On some tasks, there is seemingly no limit to the amount of inference compute that can improve accuracy. Google Deepmind’s AlphaCode, which improved accuracy on automated coding evaluations, showed that this trend holds even when calling LLMs millions of times.

The accuracy of AlphaCode on coding tasks continues to improve even after making a million calls to the underlying model (the different curves represent varying parameter counts). Accuracy is measured by how often one of the top 10 answers generated by the model is correct.

A useful evaluation of agents must therefore ask: What did it cost?
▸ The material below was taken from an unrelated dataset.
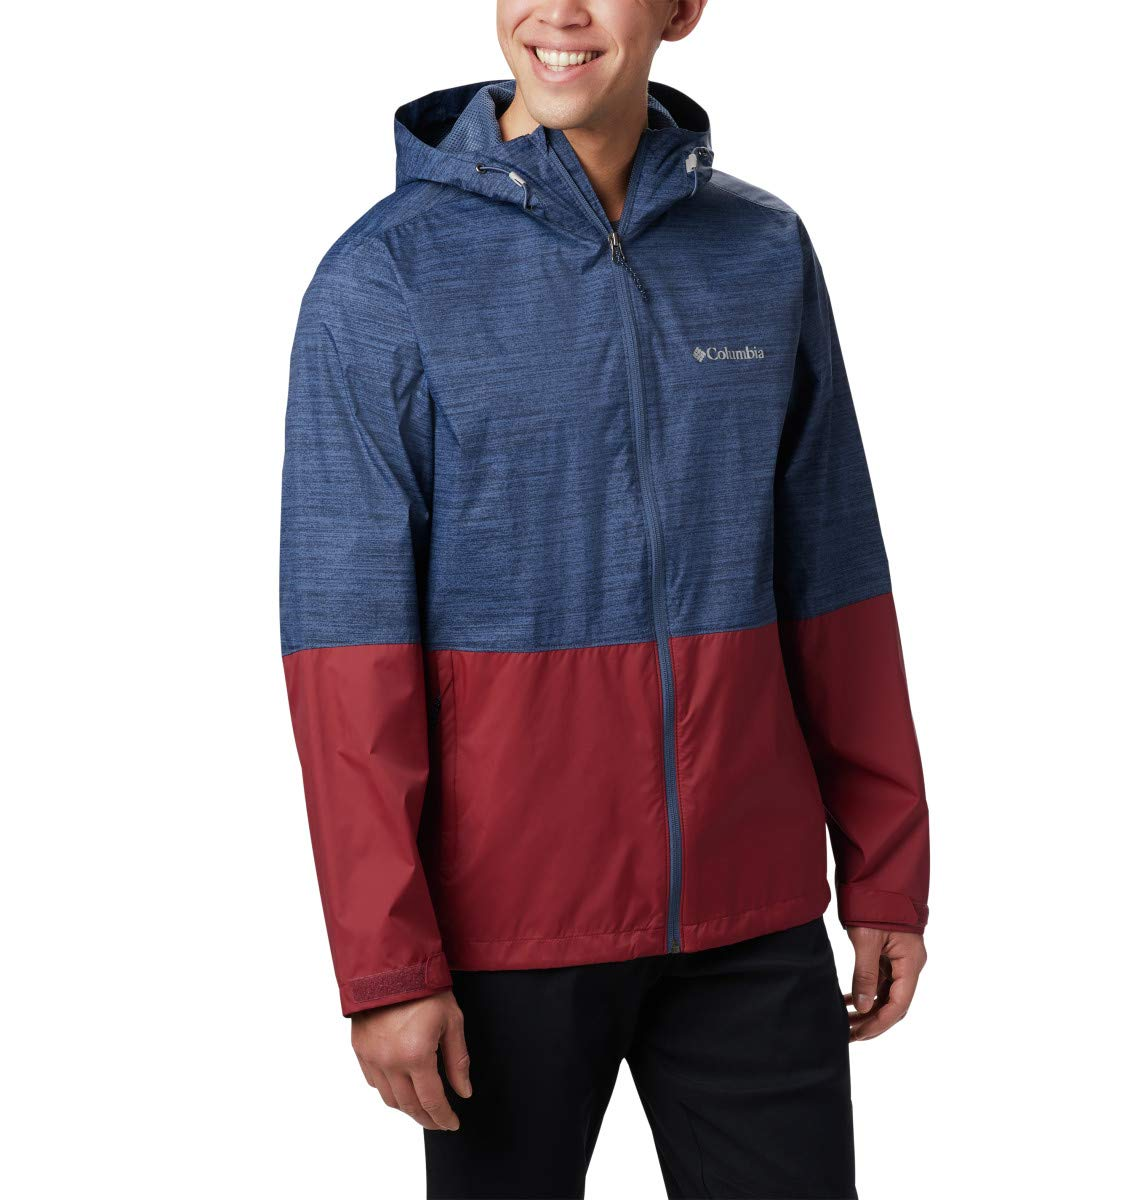 Columbia Men's Roan Jacket, Dark Mountain Texture Print, red Jasper, X-Large by Columbia
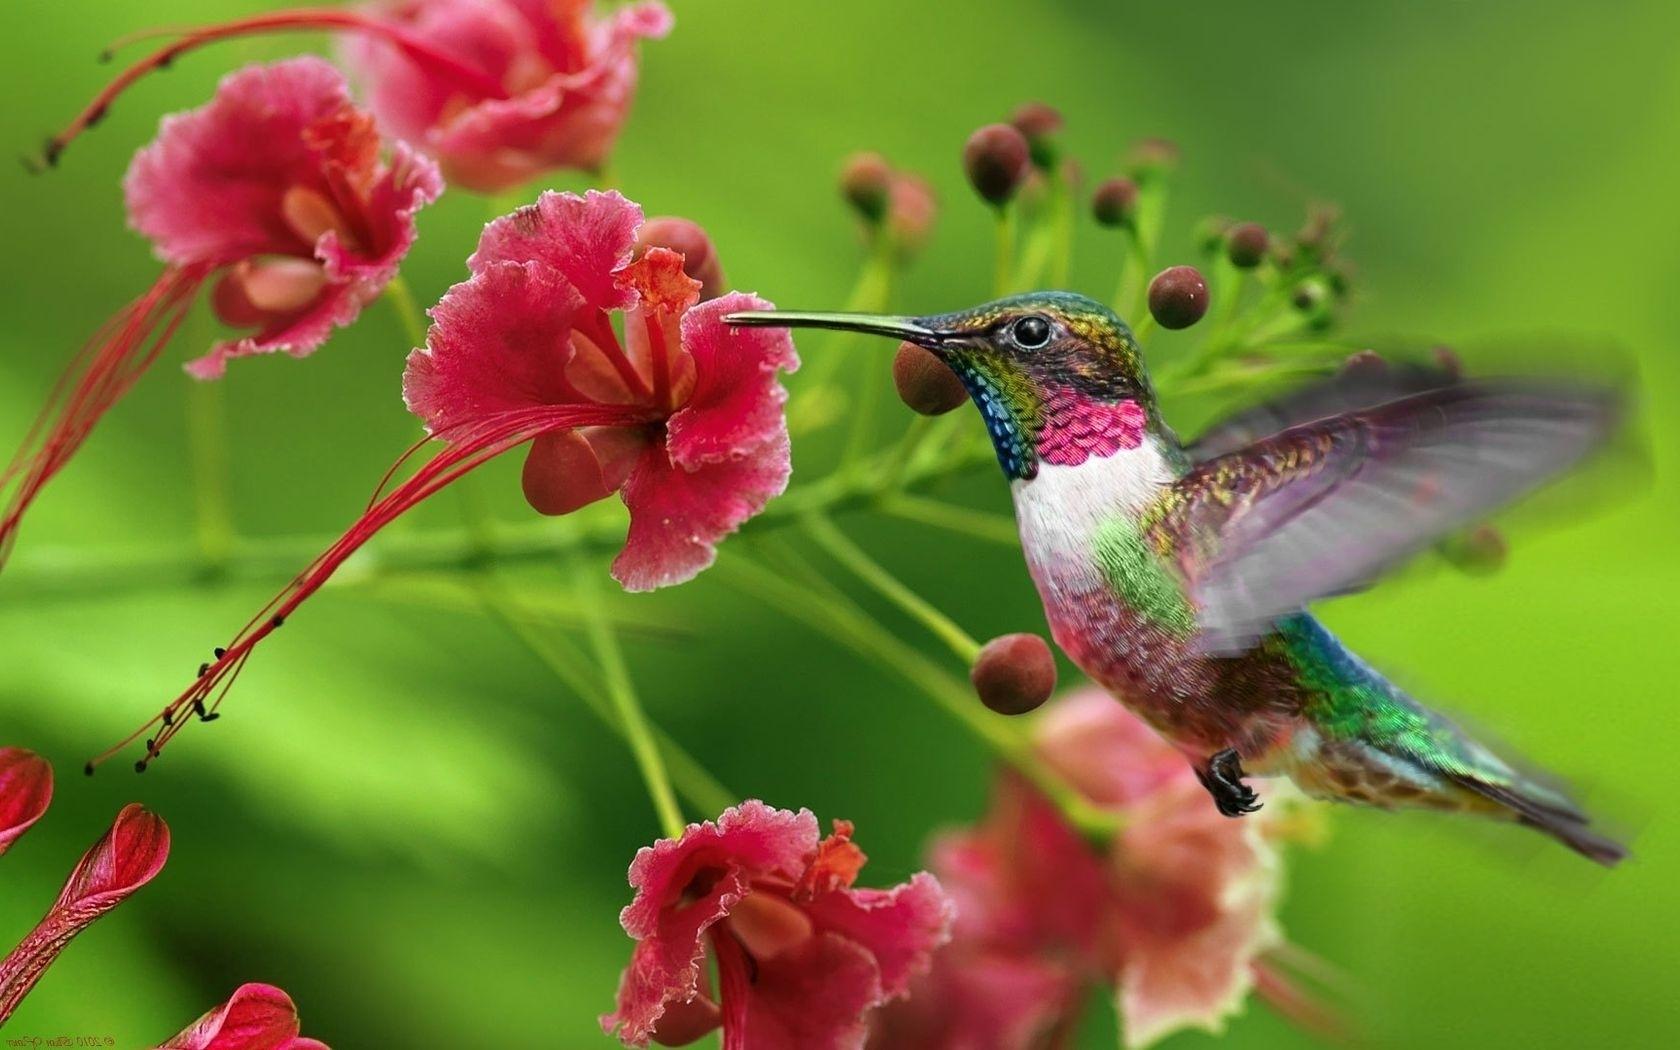 hintergrundbilder  ast swing kolibri blume pflanze

If we don’t do cost-controlled comparisons, it will encourage researchers to develop extremely costly agents just to claim they topped the leaderboard.

In fact, when we evaluate agents that have been proposed in the last year for solving coding tasks, we find that visualizing the tradeoff between cost and accuracy yields surprising insights.

We re-evaluated the accuracy of three agents that have been claimed to occupy top spots on the HumanEval leaderboard: LDB, LATS, and Reflexion. We also evaluated the cost and time requirements of running these agents.

These agents rely on running the code generated by the model, and if it fails the test cases provided with the problem description, they try to debug the code, look at alternative paths in the code generation process, or “reflect” on why the model’s outputs were incorrect before generating another solution.

In addition, we calculated the accuracy, cost, and running time of a few simple baselines:

GPT-3.5 and GPT-4 models (zero shot; no agent architecture)

Retry: We repeatedly invoke a model with the temperature set to zero, up to five times, if it fails the test cases provided with the problem description. Retrying makes sense because LLMs aren’t deterministic even at temperature zero.

Warming: This is the same as the retry strategy, but we gradually increase the temperature of the underlying model with each run, from 0 to 0.5. This increases the stochasticity of the model and, we hope, increases the likelihood that at least one of the retries will succeed.

Escalation: We start with a cheap model (Llama-3 8B) and escalate to more expensive models (GPT-3.5, Llama-3 70B, GPT-4) if we encounter a test case failure.

Surprisingly, we are not aware of any papers that compare their proposed agent architectures with any of the latter three simple baselines.

Our most striking result is that agent architectures for HumanEval do not outperform our simpler baselines despite costing more. In fact, agents differ drastically in terms of cost: for substantially similar accuracy, the cost can differ by almost two orders of magnitude! Yet, the cost of running these agents isn’t a top-line metric reported in any of these papers.

Our simple baselines offer Pareto improvements over existing agent architectures. We run each agent five times and report the mean accuracy and the mean total cost on the 164 HumanEval problems. Where results for LDB have two models/agents in parenthesis, they indicate the language model or agent used to generate the code, followed by the language model used to debug the code. Where they have just one, they indicate that the same model was used to both generate the code and debug it. Note that the y-axis is shown from 0.7 to 1; figures with the full axis (0 to 1) and error bars, robustness checks, and other details about our empirical results are included in the appendix.

There is no significant accuracy difference between the warming strategy and the best-performing agent architecture. Yet, Reflexion and LDB cost over 50% more than the warming strategy, and LATS over 50 times more (all these costs are entirely or predominantly from calls to GPT-4, so these ratios will be stable even if model costs change). Meanwhile, the escalation strategy strictly improves accuracy while costing less than half of LDB (GPT-3.5) at current inference prices.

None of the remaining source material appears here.